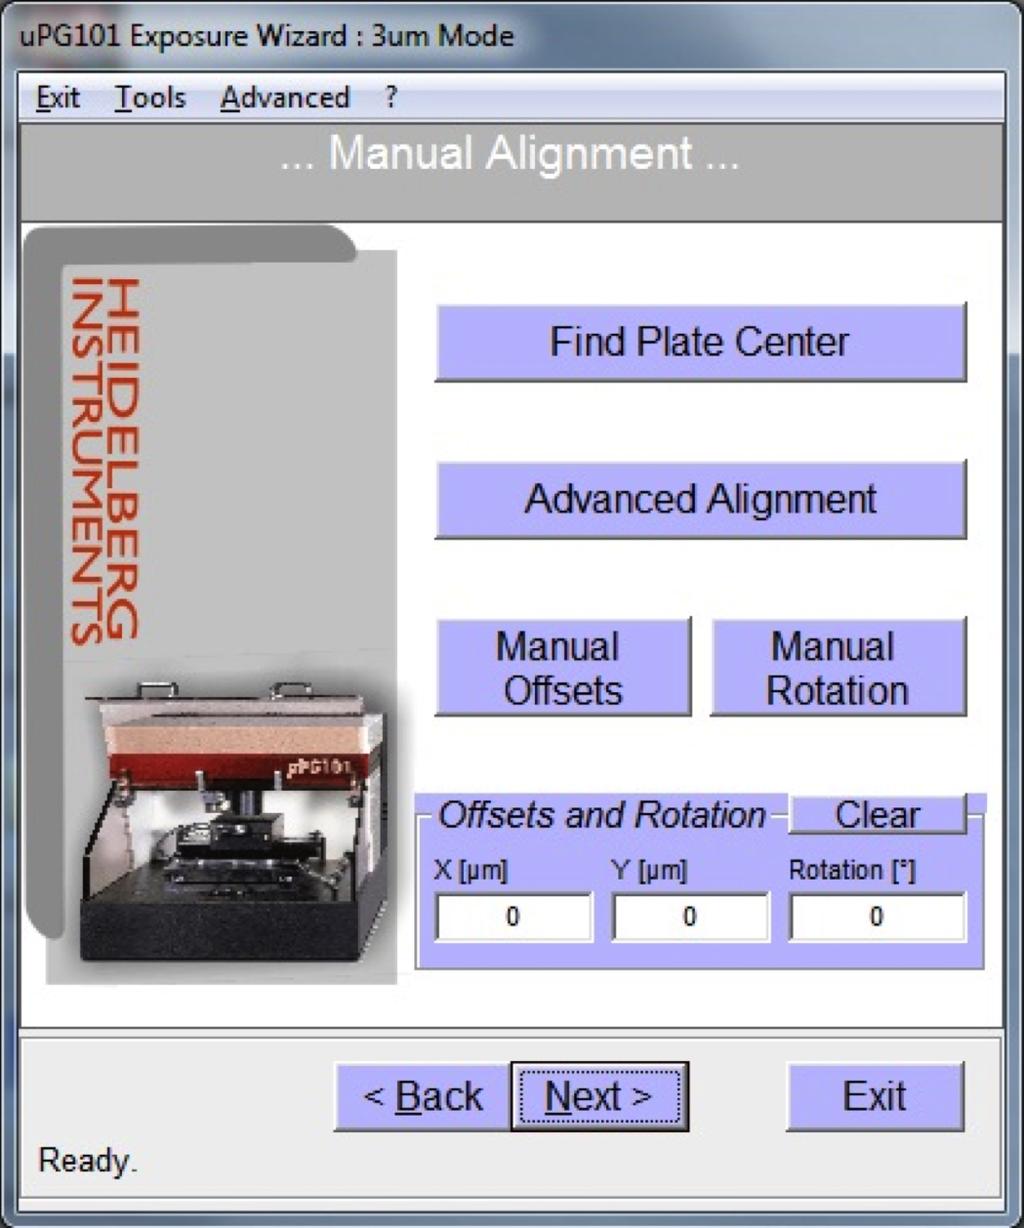 6 Manual Alignment 7.6.1 Default is no alignment design centered to stage center 7.6.2 Confirm Offsets are appropriate for design, see Figure 7, Manual Alignment 7.
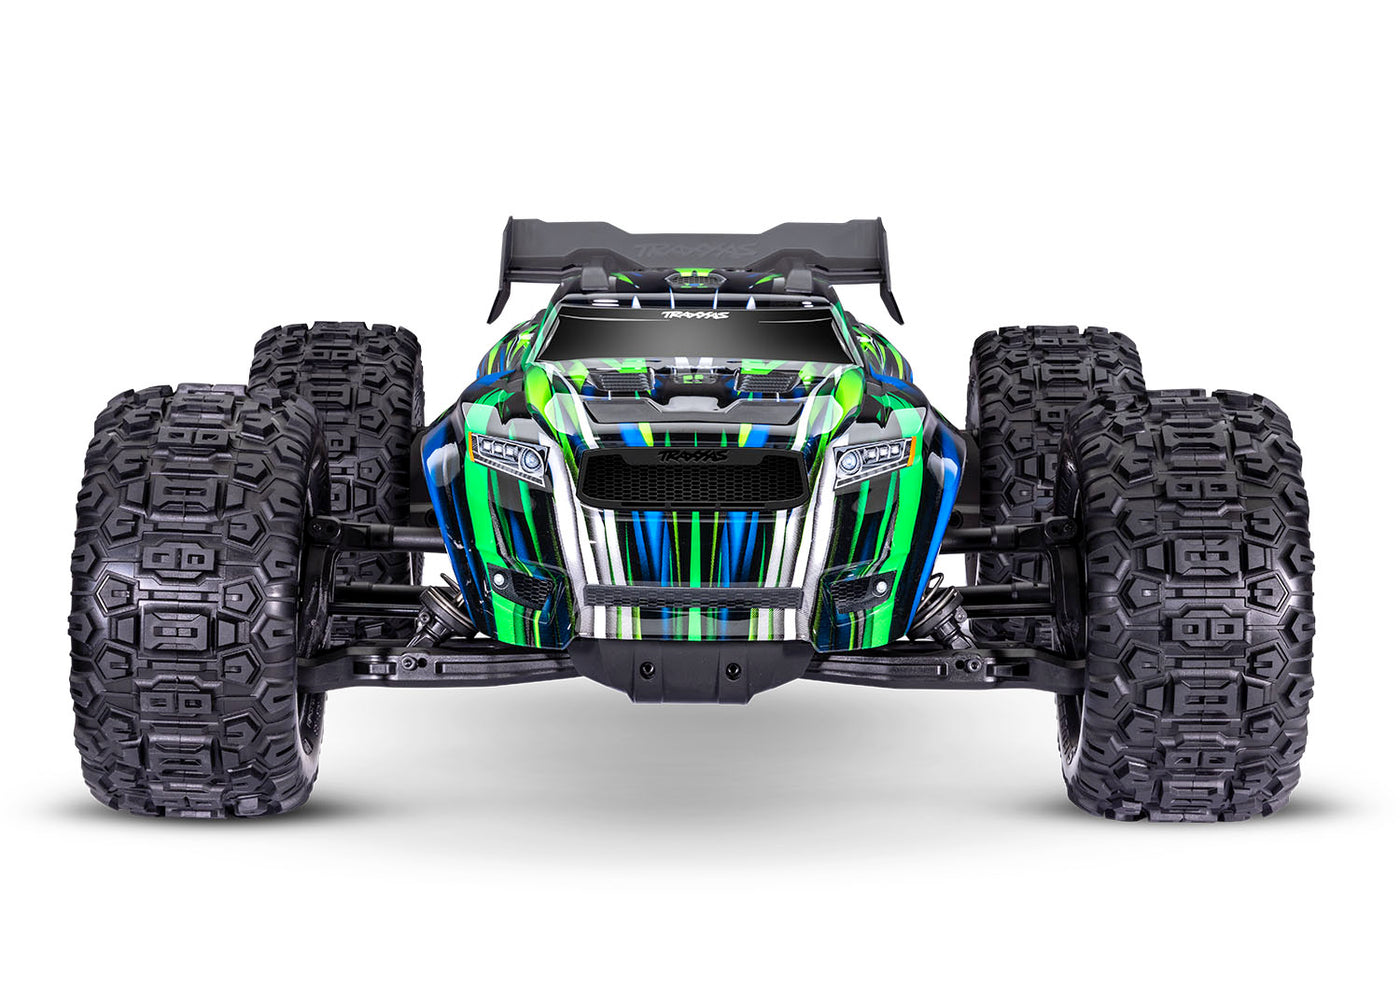 Sledge® 1/8 scale 4WD brushless monster truck with belted tires. Traxxas #95096-4
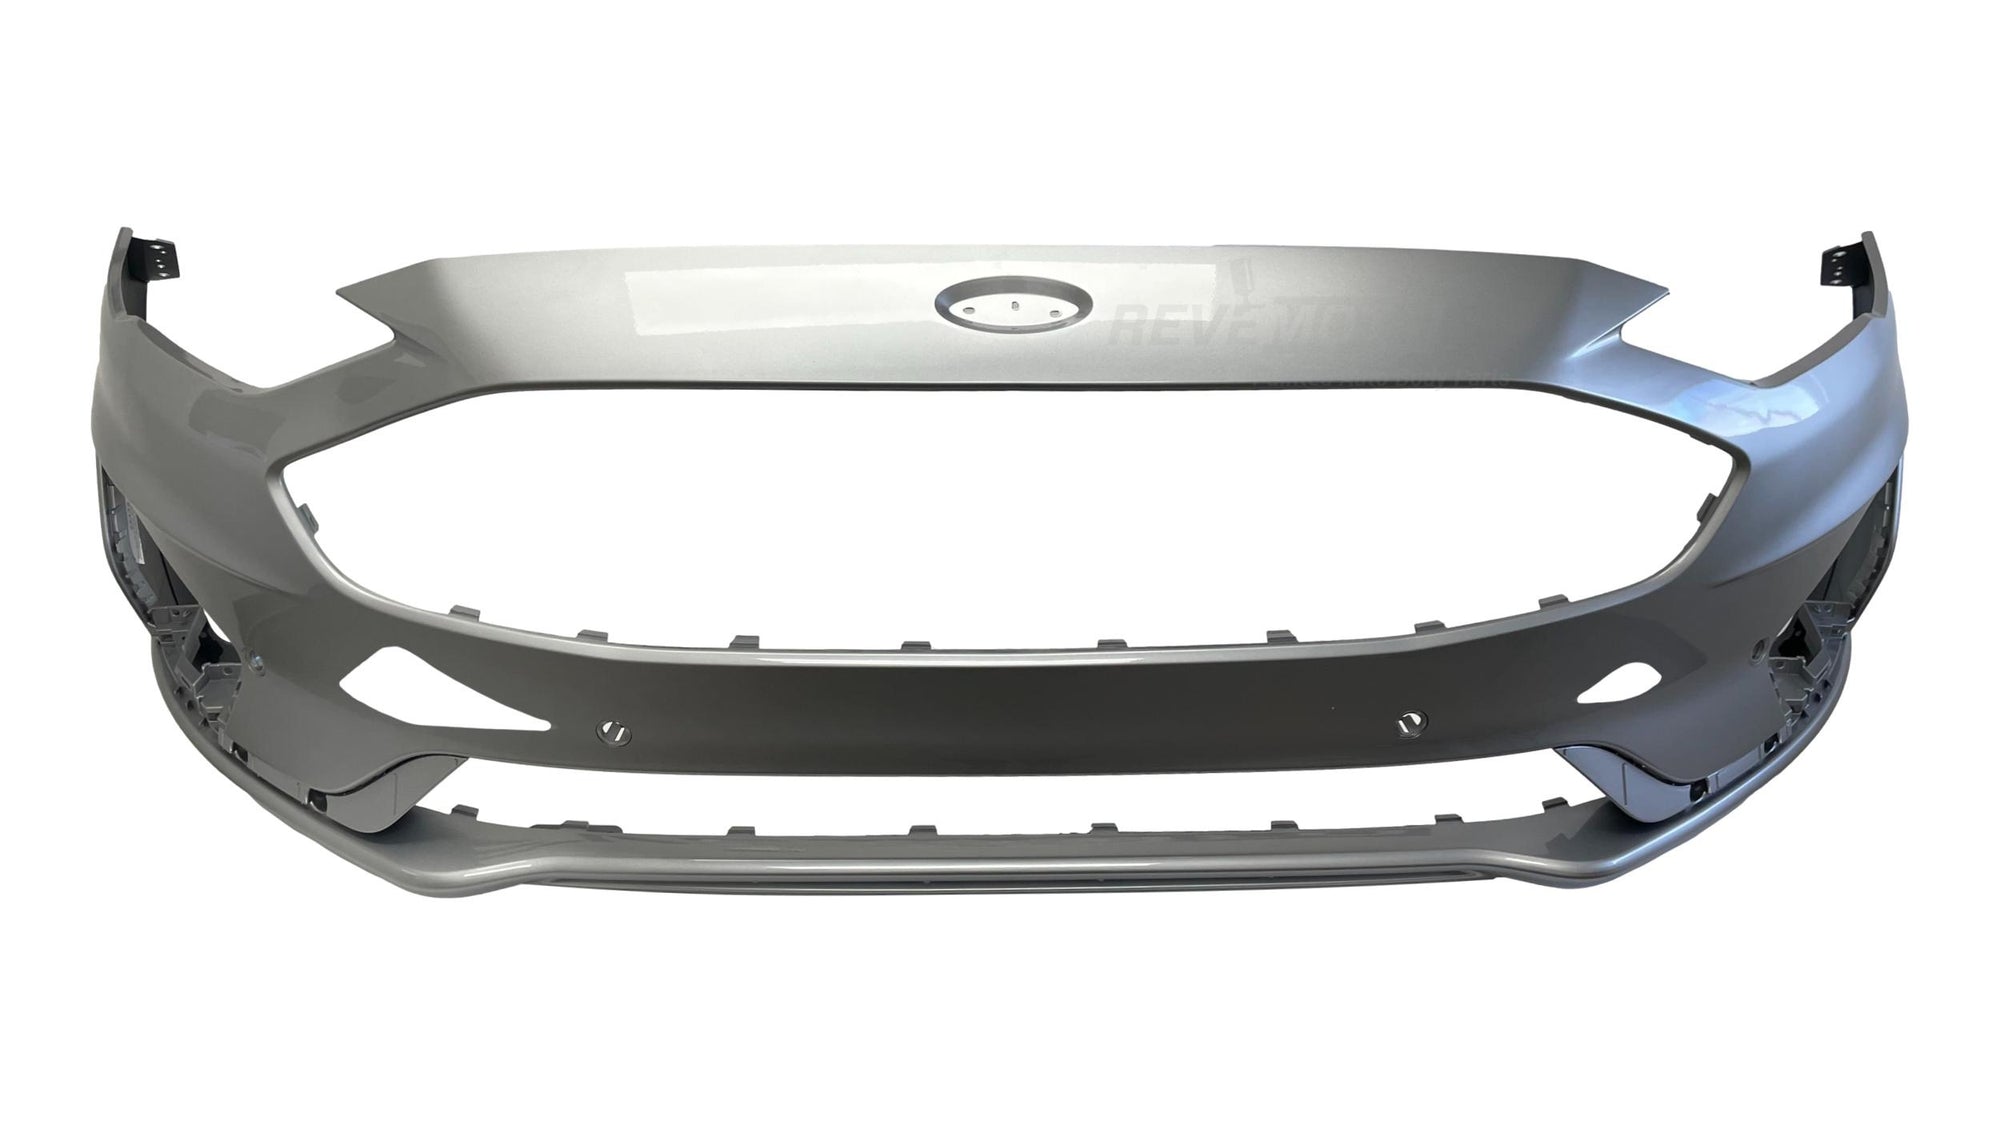 25332 - 2019-2020 Ford Fusion Front Bumper Painted (wo Tow Hook Holes) Iconic Silver Metallic (JS)¬†KS7Z17D957SAPTM FO1000758
* * *
§ WHAT THE TASK REQUIRES
The lines wanted run from the one with "Sledge® 1/8 scale" through the final line of the data; repeat them word for word and skip every picture.

§ EXERCISE SOLUTION
 Sledge® 1/8 scale 4WD brushless monster truck with belted tires. Traxxas #95096-4
 25332 - 2019-2020 Ford Fusion Front Bumper Painted (wo Tow Hook Holes) Iconic Silver Metallic (JS)¬†KS7Z17D957SAPTM FO1000758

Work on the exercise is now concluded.